Just after 10pm, darkness engulfed the theatre and sounds of the singing children from Ghost’s “Ashes” echoed through the PA. By that time fans had filtered in, but the venue was far from capacity. The black curtain covering the stage rose to the ceiling as the silhouettes of the Nameless Ghouls were unveiled. The crowd sang along as the headliner opened the set with “Rats” from their latest album Prequelle. Vocalist and mastermind behind the masked musicians, Tobias Forge, (whose stage character is Cardinal Copia) walked out clad in a black collared button-up and painted face. The persona Cardinal Copia is new to the Ghost story line after replacing the old vocalist character, Papa Emeritus III.
The stage consisted of a curved staircase that allowed the masked Ghouls to perch the drums and synthesizers high in the air for a bird’s eye view of the crowd. A cloth backdrop representing cathedral style stained glass windows stretched from the floor to the rafters. The Ghouls kept the crowd entertained as they incorporated the opening riff of “Smoke on the Water” before transitioning into “Ritual.” Cardinal Copia informed the crowd that they should keep their socks on because Ghost was going to rock them off. The corny, and sometimes sexual jokes, continued throughout the night and were well received by the crowd.

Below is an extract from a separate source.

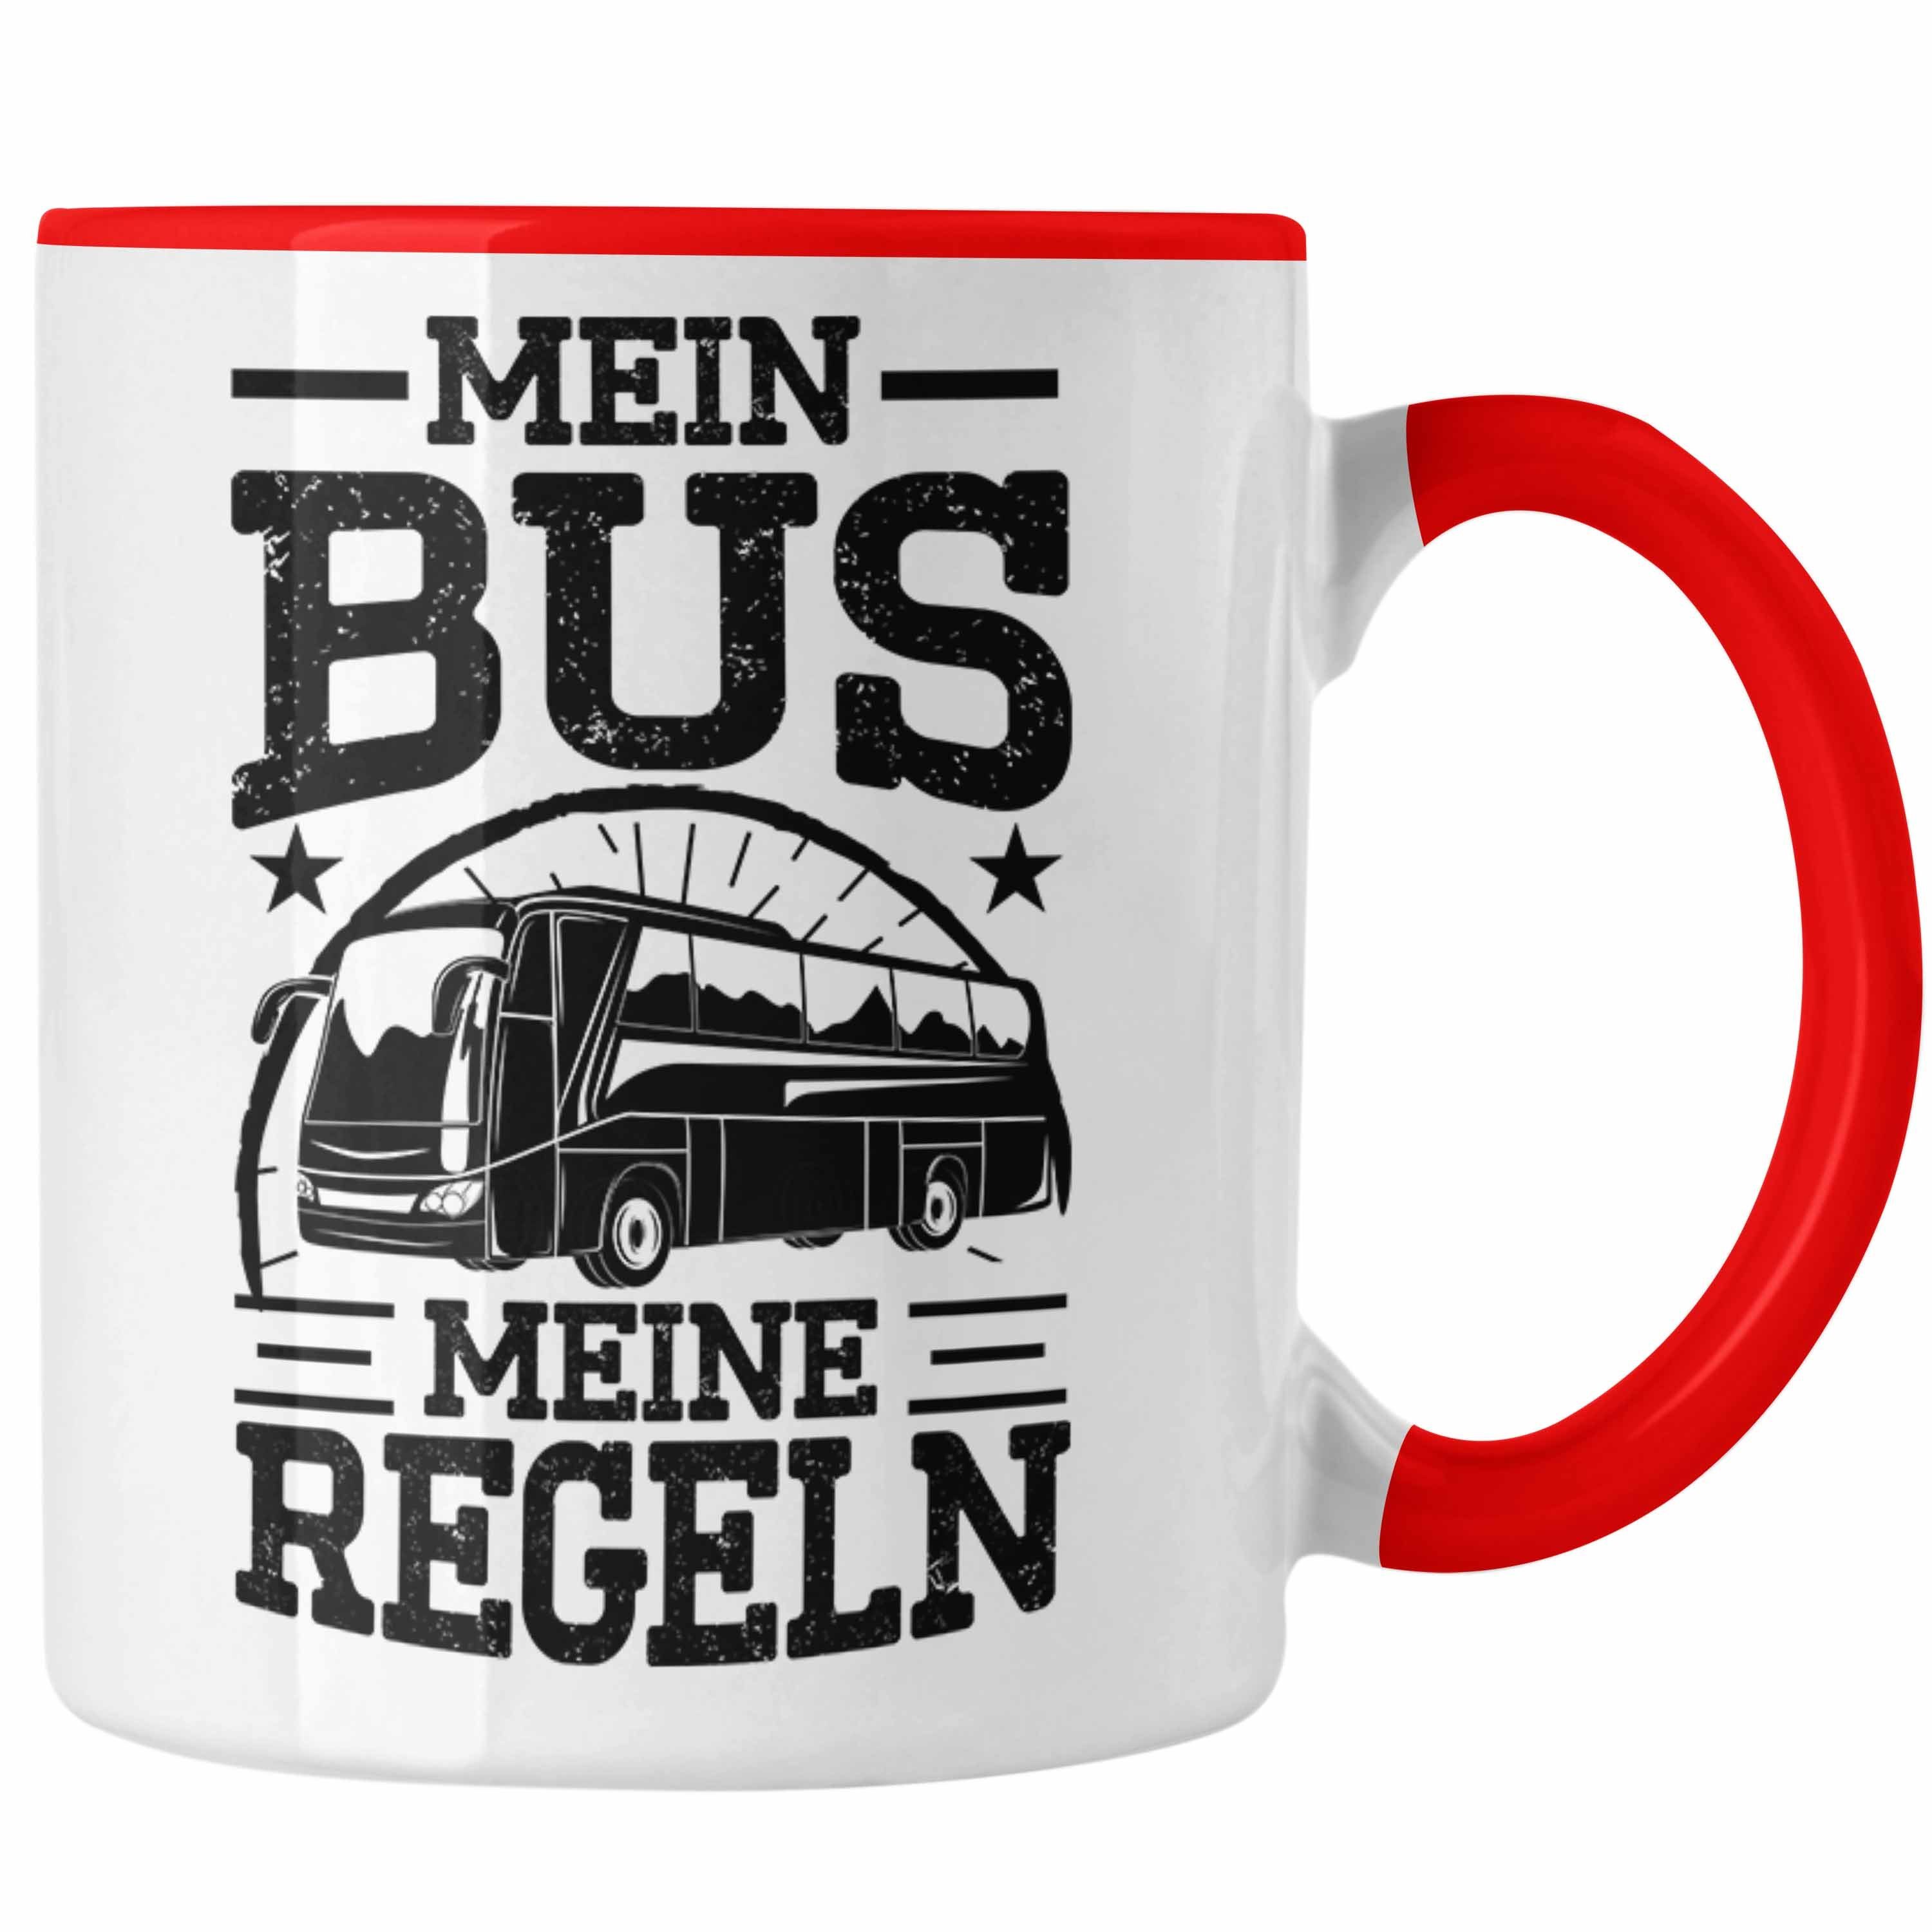 Bus Tasse Lustiger Spruch Mein - Tasse Geschenk Meine Trendation Trendation Regeln Busfahrer Rot Busfahrerin

All jokes aside, Ghost executed a flawless set; they take that part seriously. The levels of the instruments were masterfully mixed and the stage setup was unparalleled. True masters of their craft, Ghost delivered one of the most unique performances I’ve seen to date. The uncompromised stage set-up only helped further display the masterful musicianship of the members. The crowd’s eyes were drawn to the right area of the stage as the lighting or fog illuminated the Nameless Ghouls during guitar and synthesizer solos. The bass and drums kept precision timing to keep the Ghouls on track. The band then kicked into the heavy offering of “Mummy Dust.” During the song, in true over-the-top Ghost fashion, fog cannons shot massive amounts of red, white, and blue confetti paper into the air that rained down on the crowd. Both visually and musically appealing, Ghost put on a truly memorable performance. “Dance Macabre” kept the crowd moving and singing along. The hour and a half set was closed out by an encore of “Monstrance Clock.” After witnessing Ghost in a live setting, it was obvious to me that they deserved the attention and recognition that they have received over the years. I see a bright and mysterious future for the masked Ghouls.